Implications of light scattering and secondary structure in protein concentration determination
When using proteins in applications the amount of protein is a fundamental property. For enzyme immobilization there is a need to measure the protein concentration at a solid support. The system studied in this work is mesoporous particles. Today immobilized protein content is normally estimated from the residual protein concentration in the solution after immobilization. Any changes to the protein content for example through leakage have to be determined in the same indirect manner.

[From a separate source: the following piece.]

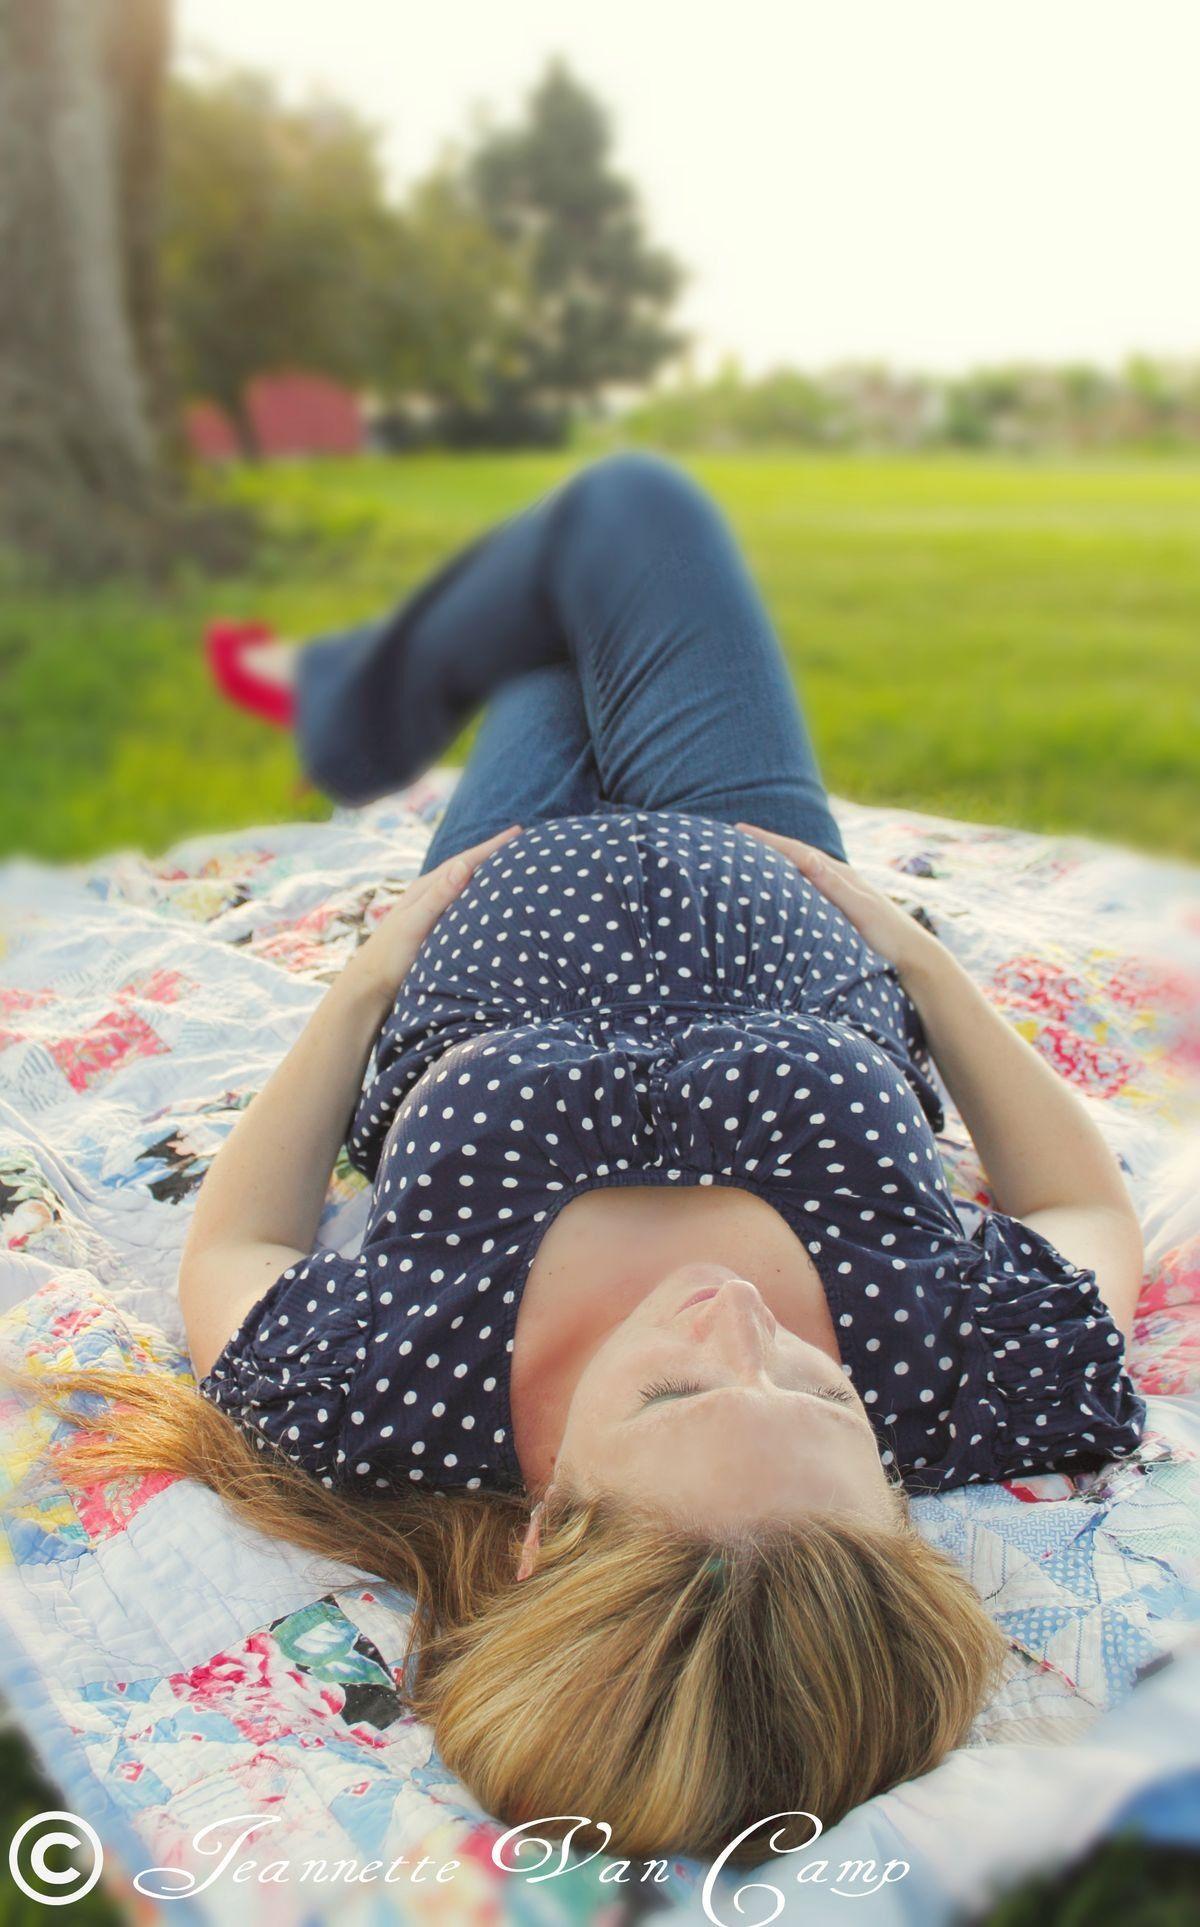 Maternity photo shoot idea for the park togally
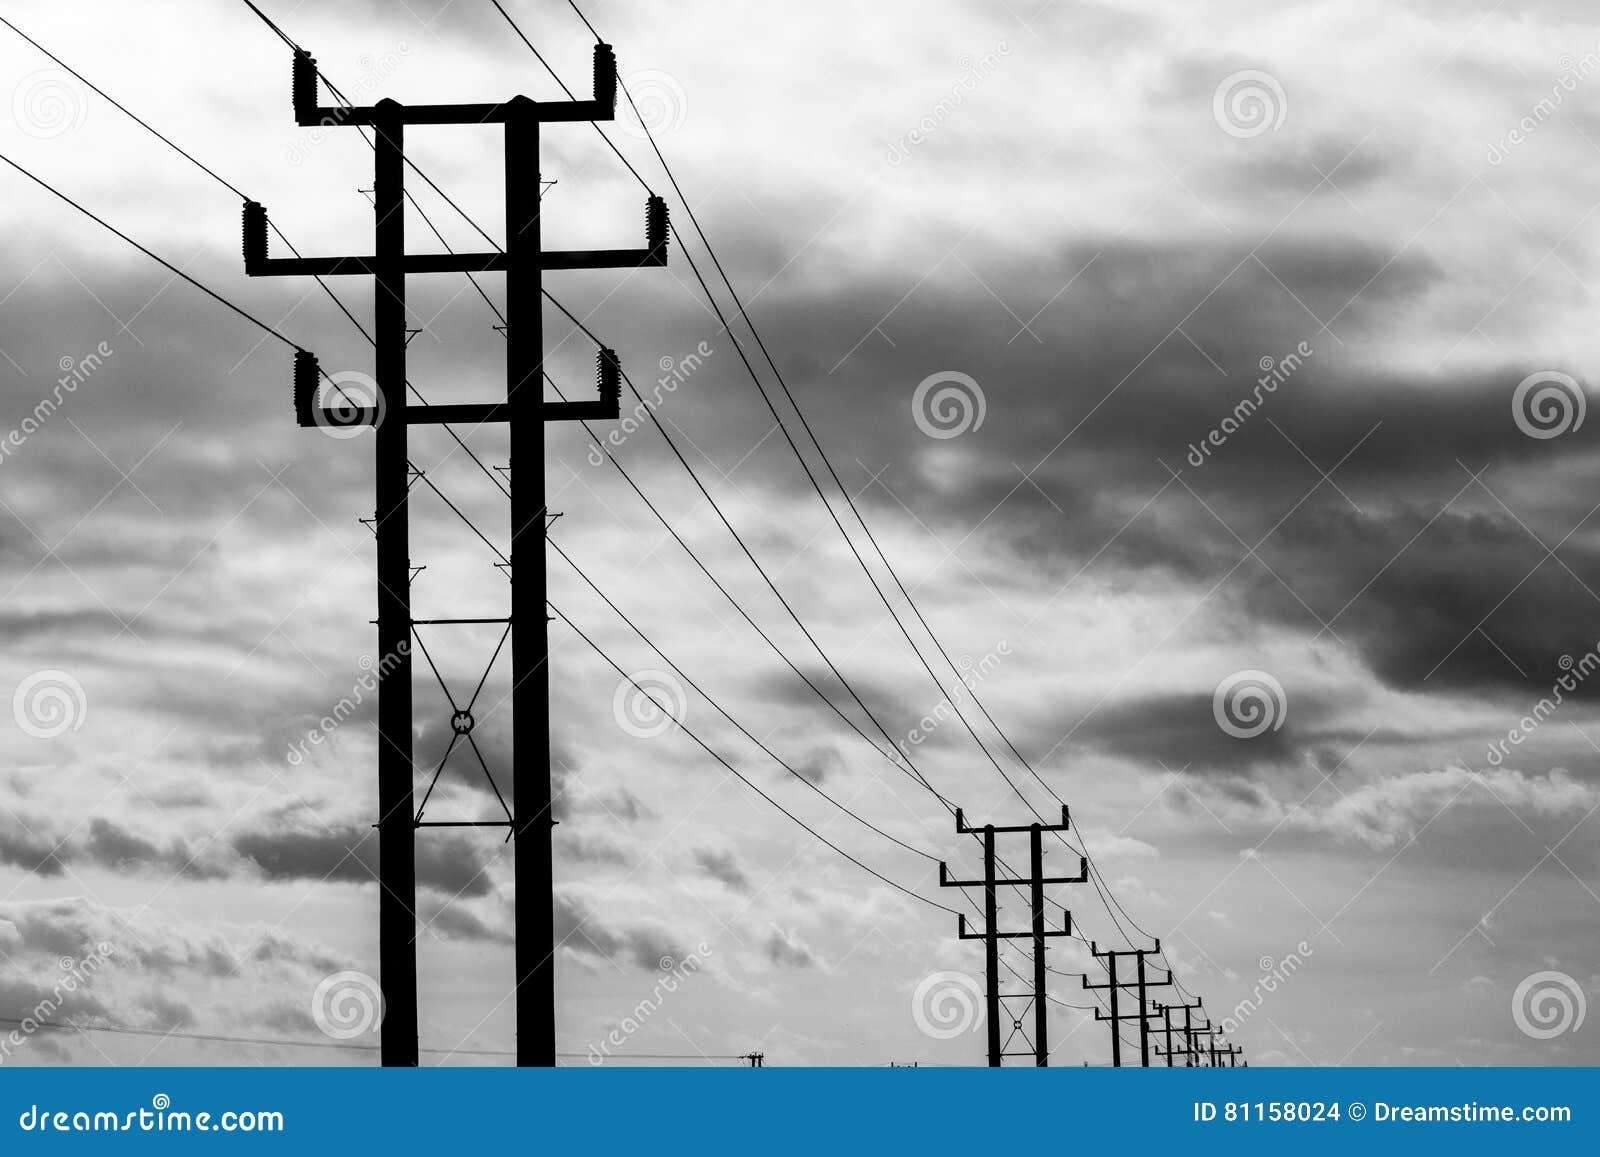 Telegraph poles. stock photo. Image of daylight, pole - 81158024

It would be useful with a method to measure the actual immobilized protein content. By direct measurements on the solid material (here porous particles) with proper corrections for the disturbance from the material this could be achieved. The correction is determined by the character of the disturbance. This character can be identified by observations of absorption spectra. Use of full spectra instead of the prescribed single-wavelength measurements helps to avoid misinterpretations in protein concentration determination.
This methodology was also adapted to studies of release of therapeutic proteins from drug formulations. Together with the protein polymers from the tablet matrix was released. The presence of these polymers gave rise to different disturbances in the concentration measurements and could be identified and in one case corrected for.
In this work is also a study of how the protein secondary structure affects the absorption spectra in the Bradford assay. When Coomassie blue (the dye in the assay) binds to native protein there is an increase in the absorption at ~590 nm. Coomassie blue also binds to amyloid fibrils, fibrous protein structures mainly consisting of β-sheets. When binding to the fibrils the absorption shifts to longer wavelengths. By comparison to shifts caused by solvent polarity and viscosity properties of the amyloid binding sites are suggested.